If the court adopted T.H.E.'s interpretation of its policy, T.H.E. could contest coverage every time an insured suffered a loss. The policy, as T.H.E. construes it, provides no coverage if Fireworks or any additional insureds failed to comply strictly with NFPA 1123 during the policy period. Even if City had set barriers at a distance of 840 feet, T.H.E. could assert an unusual condition, within the meaning of NFPA 1123 section 3-1.1, required a greater separation distance. If a child crossed the barrier, T.H.E. could claim that the insured violated the provision that no spectators shall be located within the 840 foot radius. The endorsement, as T.H.E. seeks to enforce it, makes no provision restricting the voiding noncompliance to the incident that caused the injury.

We cannot ignore Fireworks' payment of a $17,000 premium for protection from liability. City relied on that protection when it permitted Fireworks to conduct its display.

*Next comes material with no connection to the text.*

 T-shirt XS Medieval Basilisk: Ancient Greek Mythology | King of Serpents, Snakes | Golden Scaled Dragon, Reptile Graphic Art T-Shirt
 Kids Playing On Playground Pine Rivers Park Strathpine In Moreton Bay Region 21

"If that protection is not there, the policyholder has been denied substantial economic value in return for the premiums which have been paid. *** After [the] claim was filed, however, [it] was told there was no coverage. In other words, now you have insurance protection; now you don't. While the collection of insurance premiums is an important part of the insurance industry, it is not the only part. Insurers are also expected to honor claims under their policies for which premiums have been paid in good faith." Hoglund v. State Farm Mutual Automobile Insurance Co., 148 Ill. 2d 272, 278, 592 N.E.2d 1031 (1992).

We hold that the endorsement at issue here requires only that Fireworks obtain the approval of the authority having jurisdiction as a condition for coverage. Fireworks obtained that approval here, and T.H.E. presented no evidence to support a conclusion that City acted fraudulently when it approved the installation or procedures. Accordingly, the judgment declaring that the policy provided no coverage for the claims against Fireworks is reversed.


COUSINS, P.J. and RAKOWSKI, J., concur.